**Exercise input**:

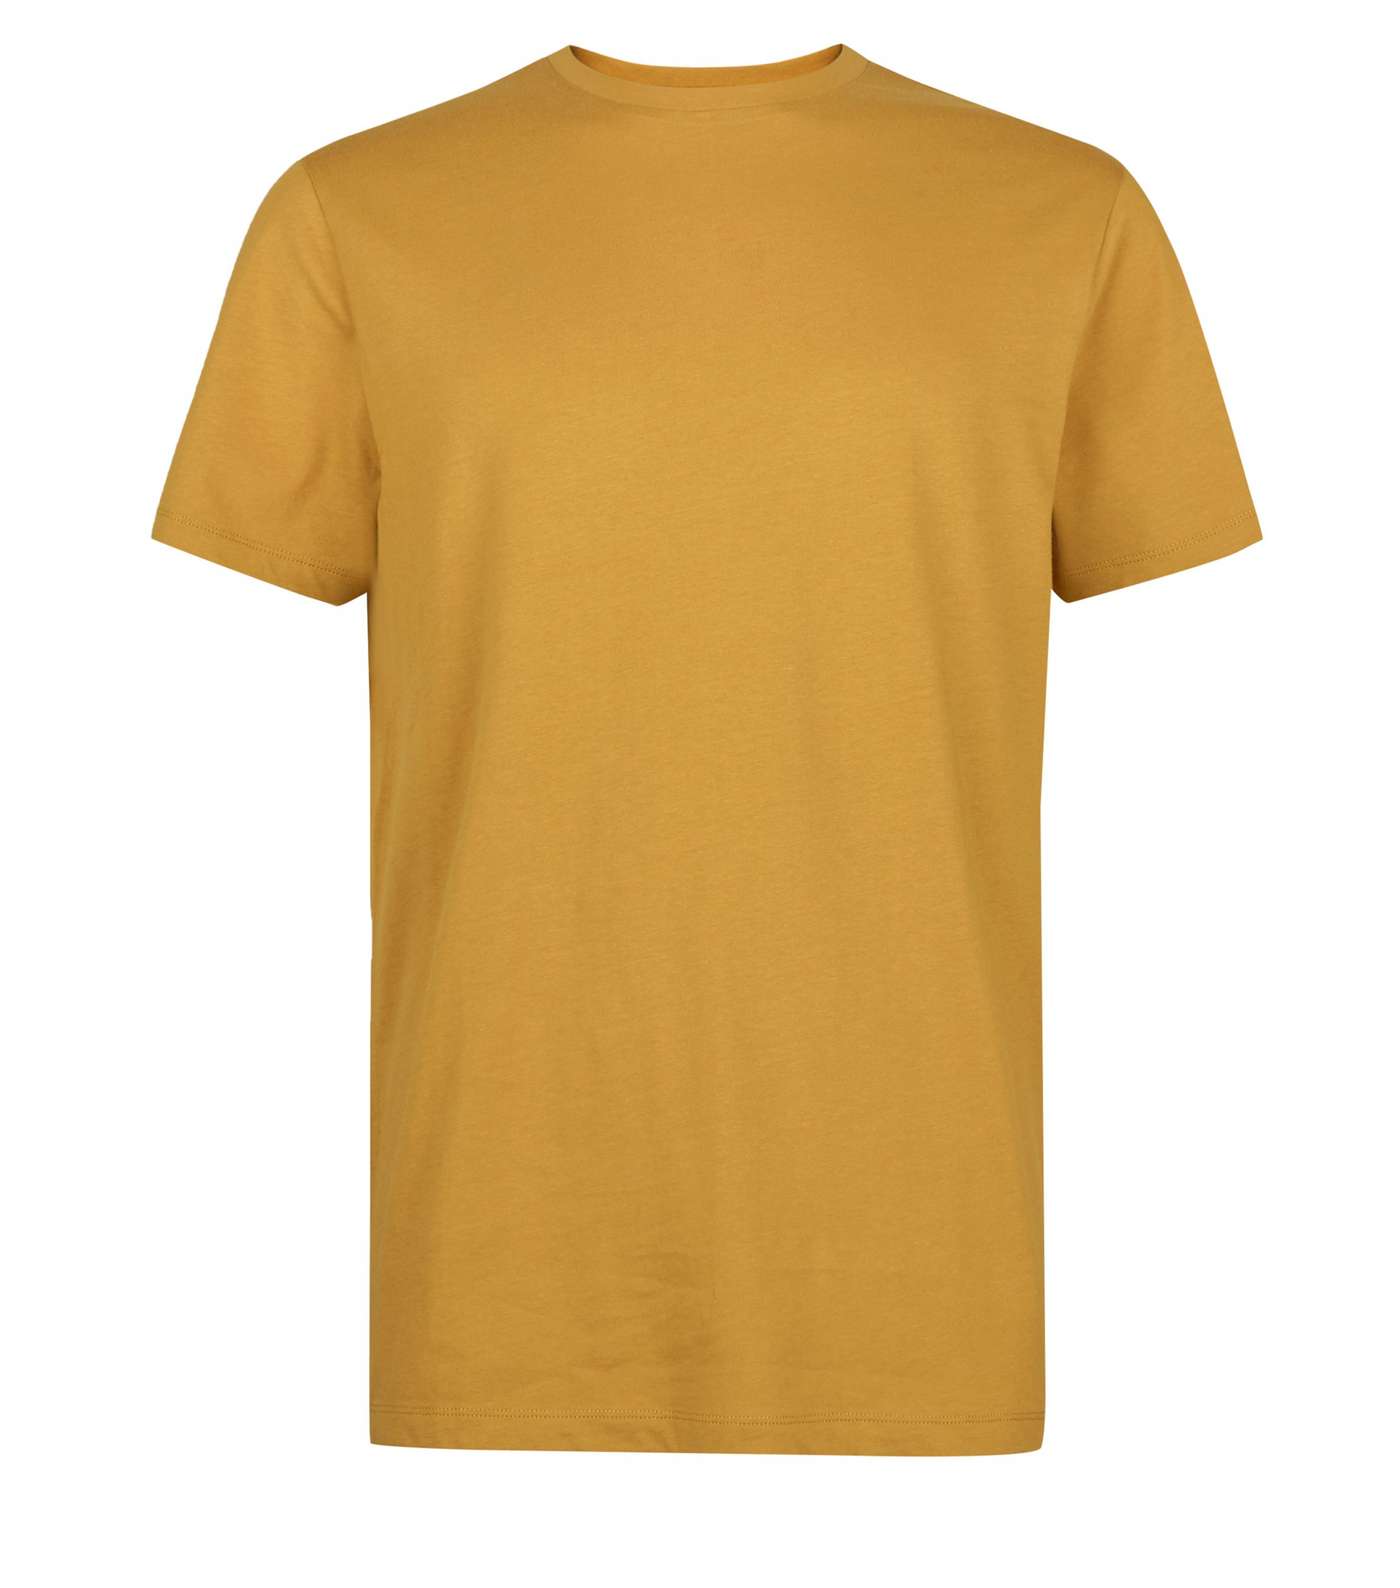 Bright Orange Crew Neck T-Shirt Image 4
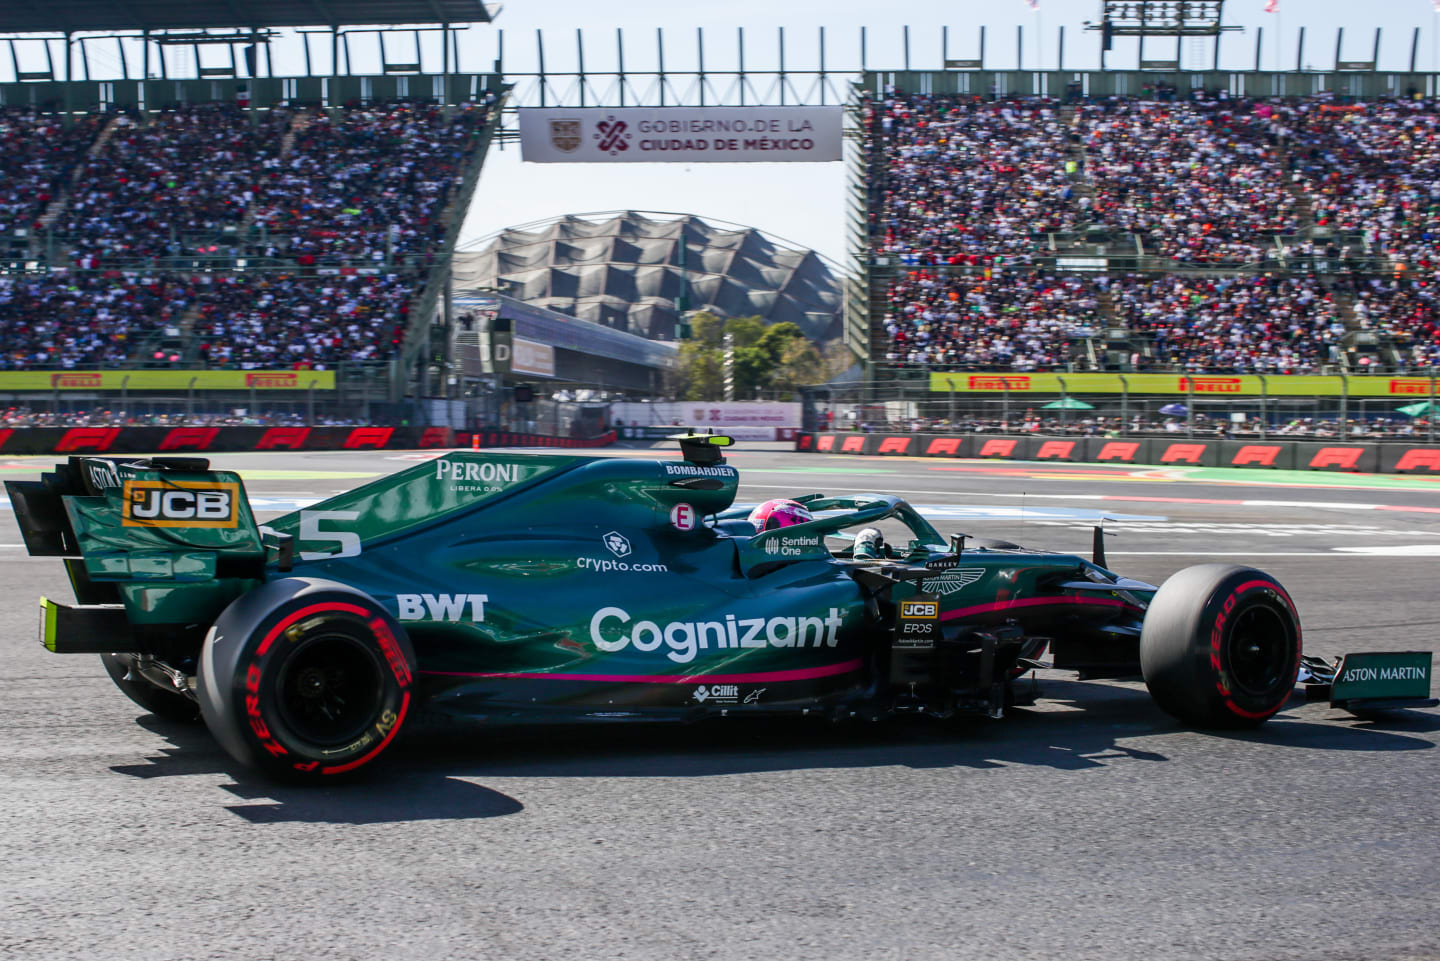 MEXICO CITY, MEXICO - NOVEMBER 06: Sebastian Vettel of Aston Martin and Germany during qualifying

...

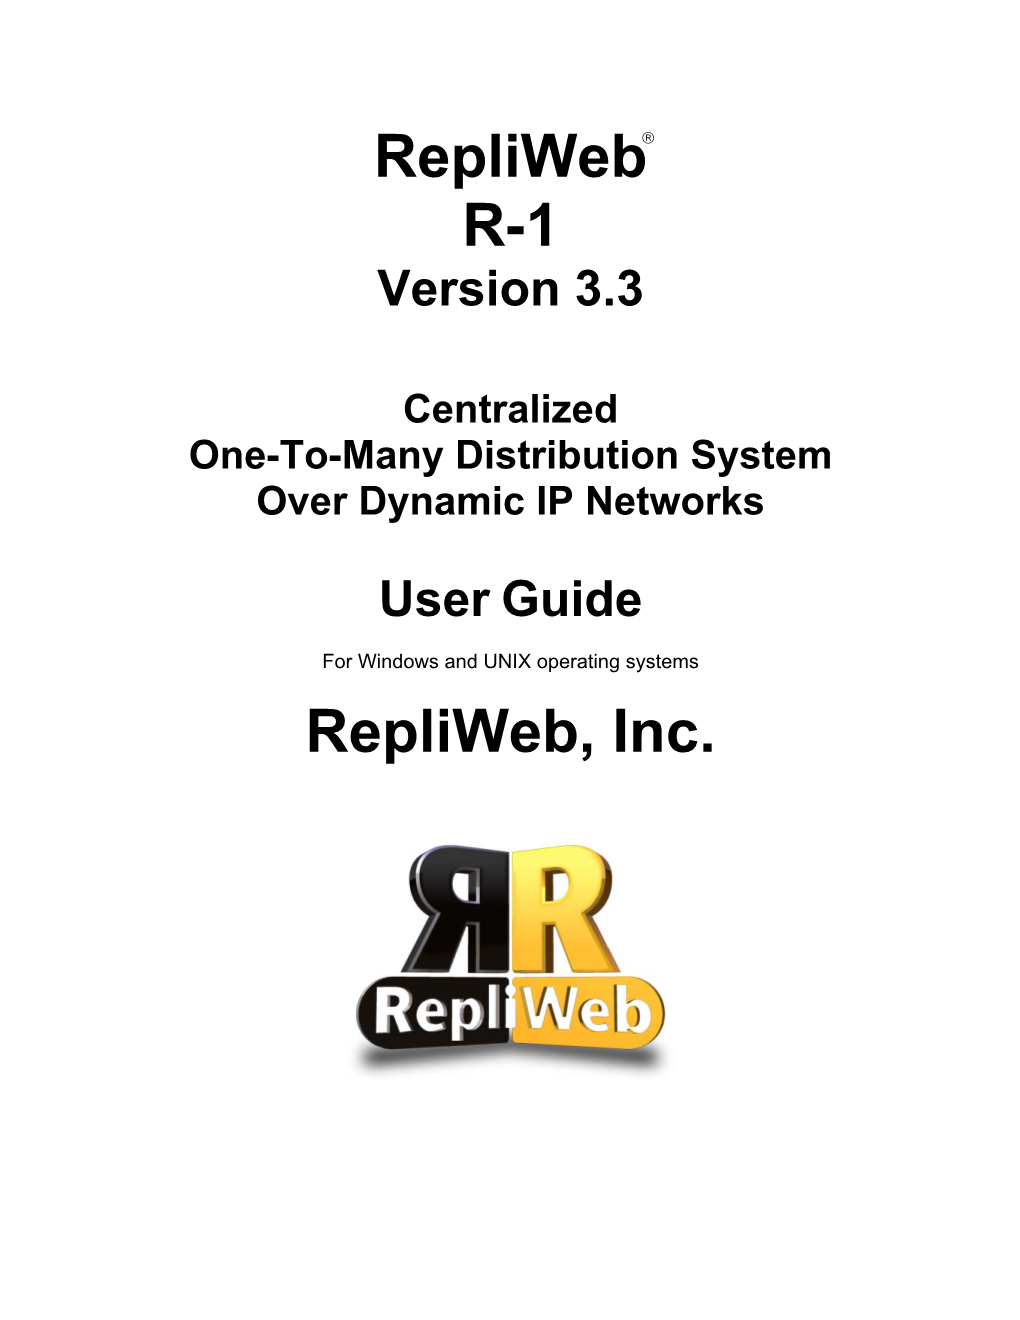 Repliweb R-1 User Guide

---

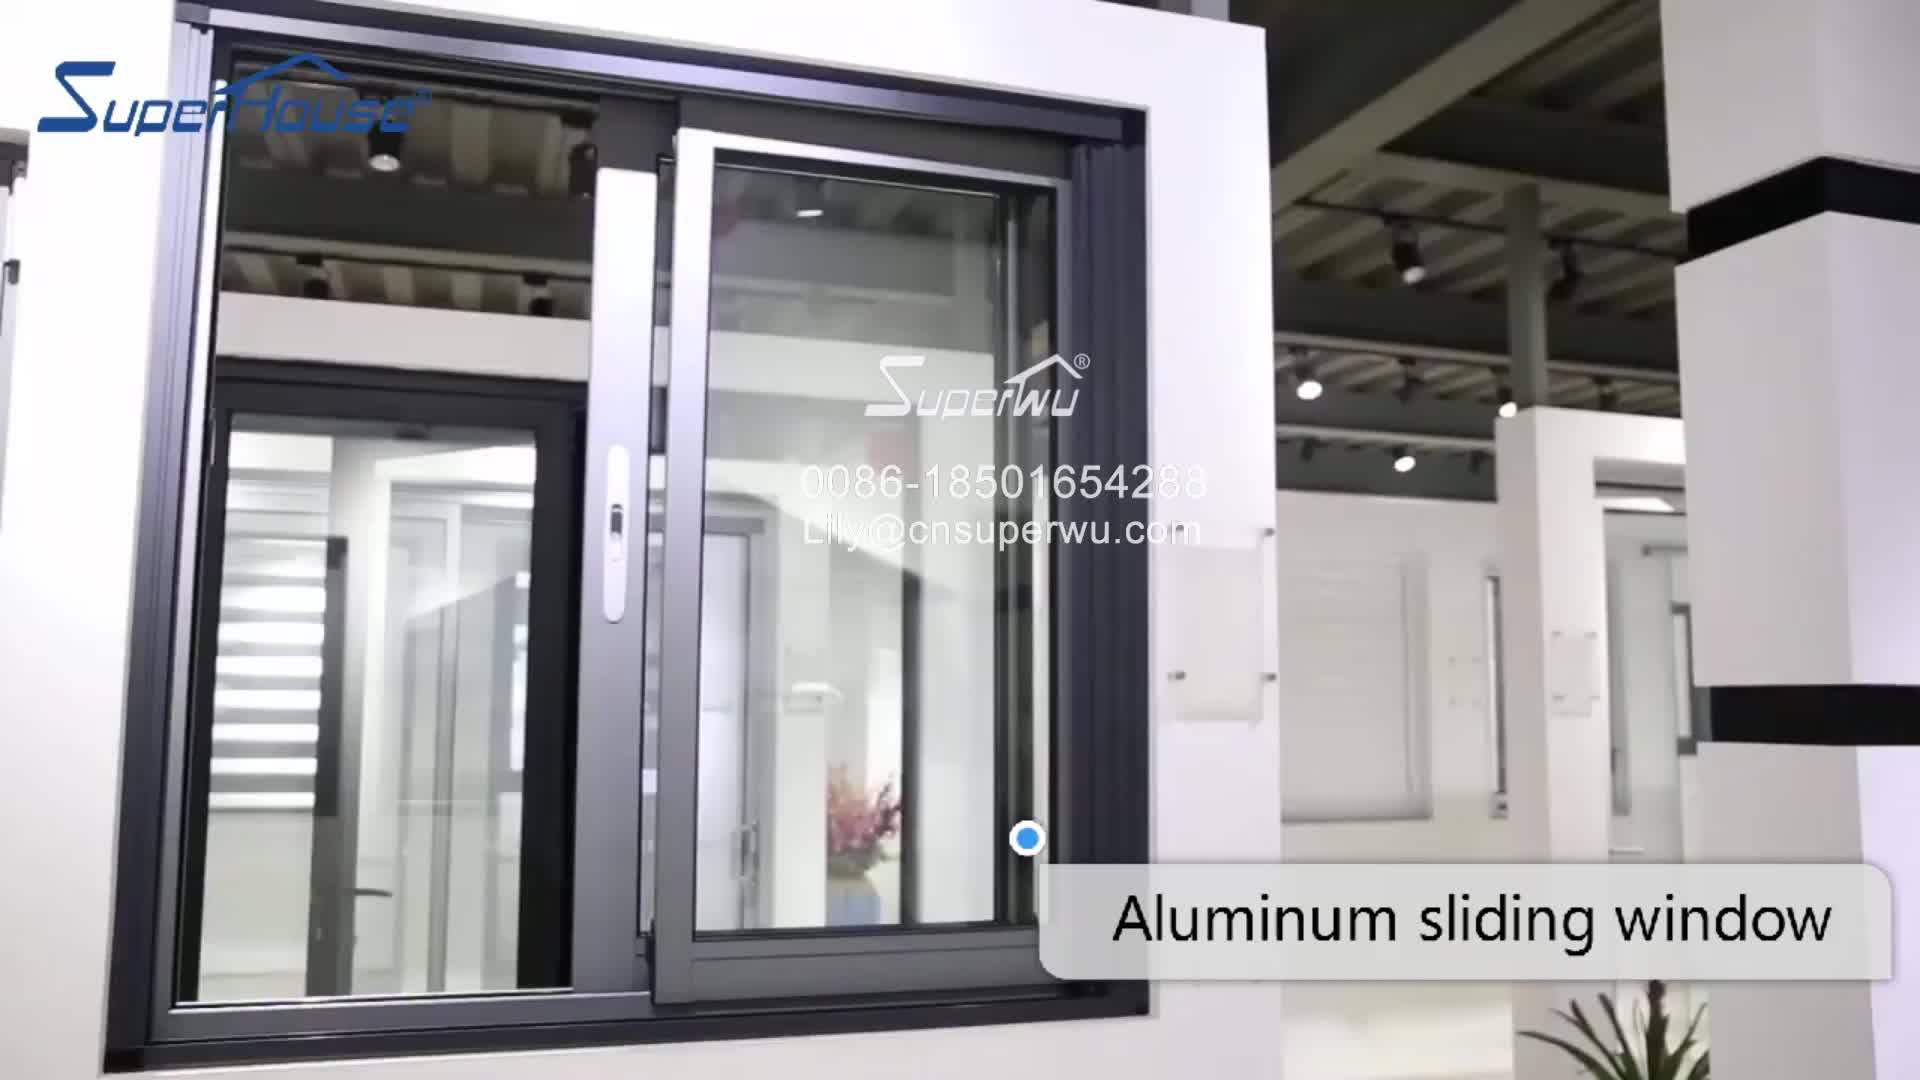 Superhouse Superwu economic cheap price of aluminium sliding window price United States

**Activity**: Retype only the lines above from the one with "Bright Orange Crew Neck T-Shirt Image 4" through the one with "MEXICO CITY, MEXICO", exactly and with both ends. Images stay out.

**Worked solution**:
 Bright Orange Crew Neck T-Shirt Image 4
 MEXICO CITY, MEXICO - NOVEMBER 06: Sebastian Vettel of Aston Martin and Germany during qualifying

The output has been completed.